Development and Evaluation of a Sarcasm Detection Algorithm based on Machine Learning and Natural Language Processing Techniques

Julián Amigó Francés. Development and Evaluation of a Sarcasm Detection Algorithm based on Machine Learning and Natural Language Processing Techniques. Final Career Project (TFG). Universidad Politécnica de Madrid, ETSI Telecomunicación.

Abstract:
Automatic detection of irony in texts is an open challenge. There are a significant amount of publication in detection of irony [1]. Due to the fact that many people express themselves through the use of ironies, it can be very interesting in the area of NLP (Natural Language Processing), and more concretely, sentiment analysis. In this way, an NLP system can prevent misinterpretation of opinions.

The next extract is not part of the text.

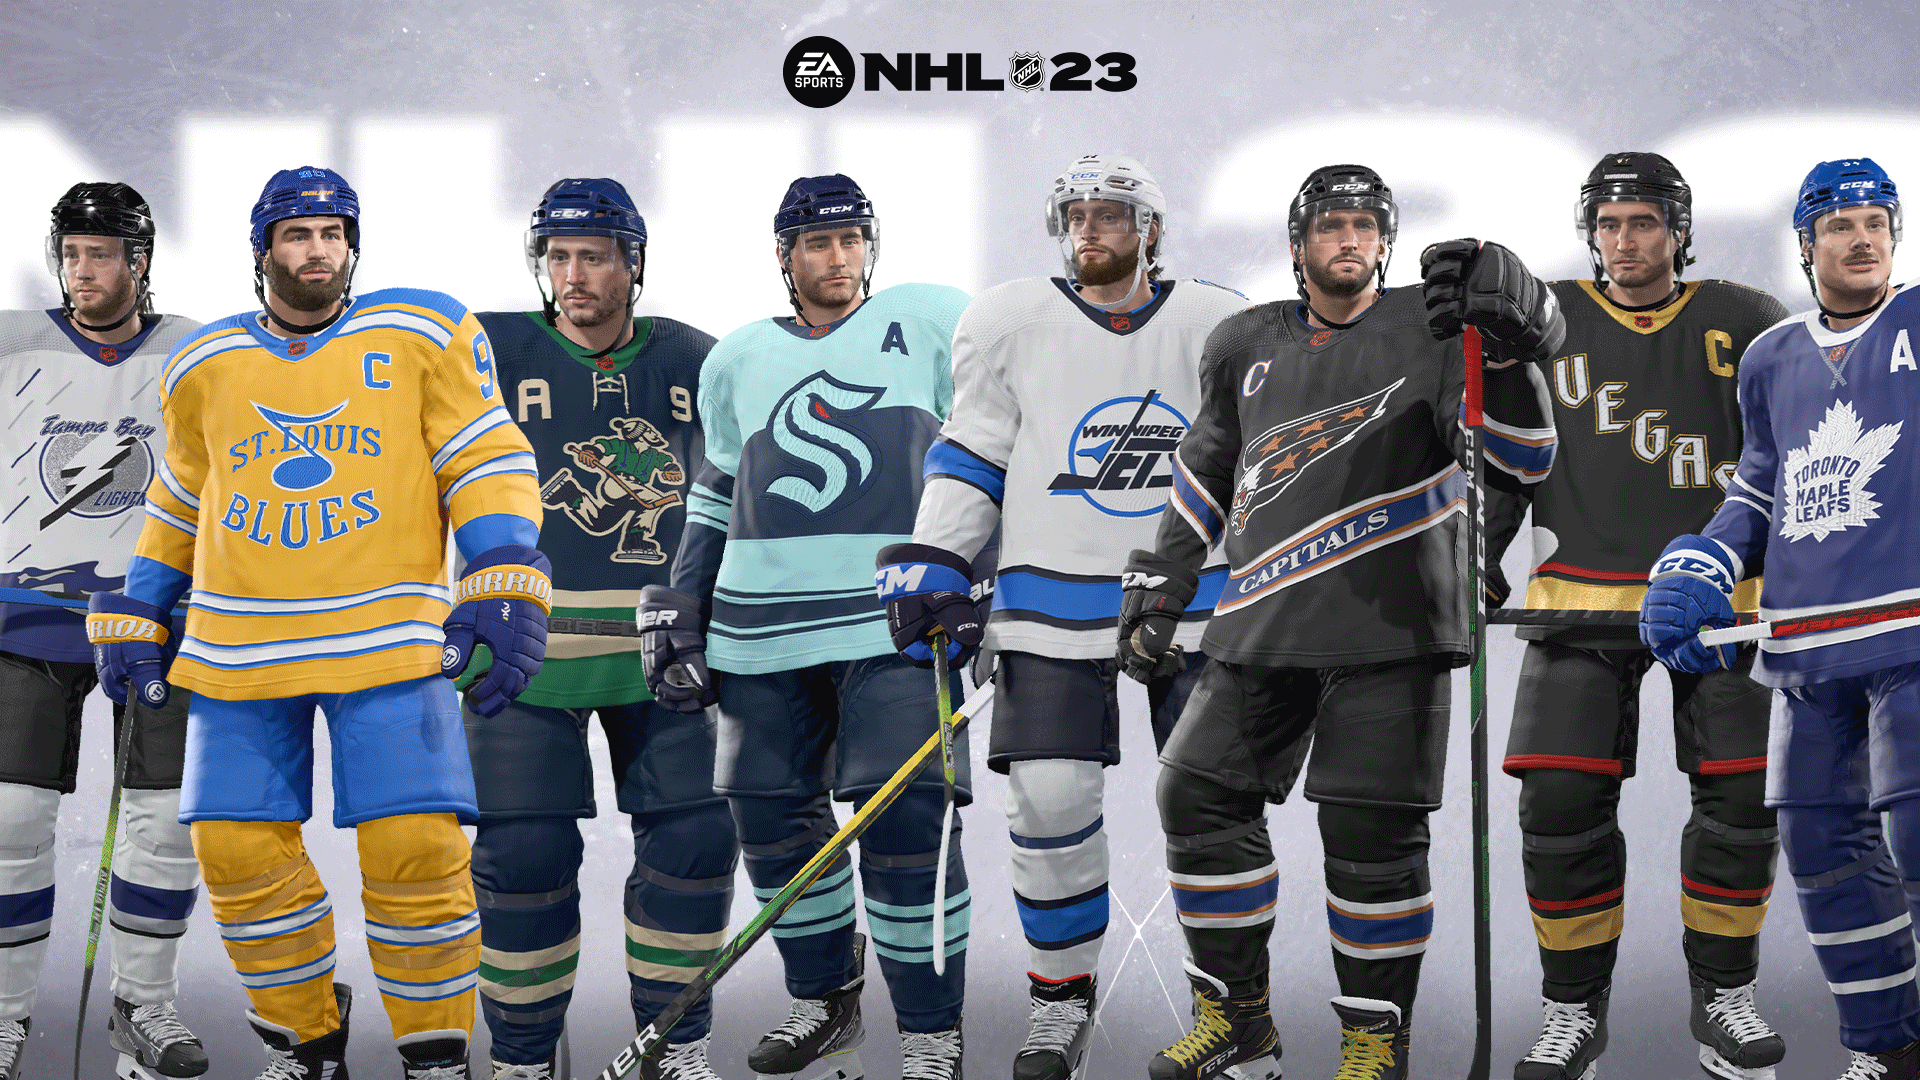 Chris Creamer  SportsLogos.Net on X: Playing catchup The #NHL revealed  the uniforms their 2022 All-Stars will be wearing when they take the ice  two weeks from now in Las Vegas! My

In this case, the sarcasm (use of irony to mock or transmit contempt) is almost the same, but with another purpose. Therefore, the need for this detection is important for the aforementioned field. The main objective for this Project will be to create a model for detecting these ?cruel irony? in texts. The problem is that it can be quite subjective,even for human readers, if there is not an accurate signal which reference the text as a sarcastic(a typical sarcastic label, for example #sarcasm in Twitter). Therefore, it will be studied a new model for sarcasm detection. As baseline, we will use the work from the evaluation of the features of SARC Corpus [Cita 2]. This corpus has more than 5 million comments, of which 1.3 million are sarcastic statements. It is made from Reddit forum, a community where a wide number of topics are discussed. Methods: For the creation of this model, Machine Learning and NLP (Natural Language Processing) techniques will be used. First of all, the available dataset will be preprocessed. Then, a selection of a machine learning algorithm will be made. Finally, the developed model will be evaluated accordingly to previous work. Objectives: The main objective is getting an automatic sarcasm detection model with the highest evaluation possible. Also, an additional objective is to obtain insights of the sarcasm phenomenon so that it can be used in other NLP-related tasks. The development and evaluation environment will be based on ?Jupyter?, a web-based application suitable for capturing the whole computation process. This environment is easy to use and it allows you to see the outputs of the code line by line. The language used will be Python, because it provides many libraries (scikit-learn, pandas, numpy, scipy) and facilities for Machine Learning and NLP. 1. Cruces, P. (2017). Modelo de detección automática de ironía en textos en español. 2. Khodak, M., Saunshi, N., & Vodrahalli, K. (2017). A large self-annotated corpus for sarcasm. arXiv preprint arXiv:1704.05579.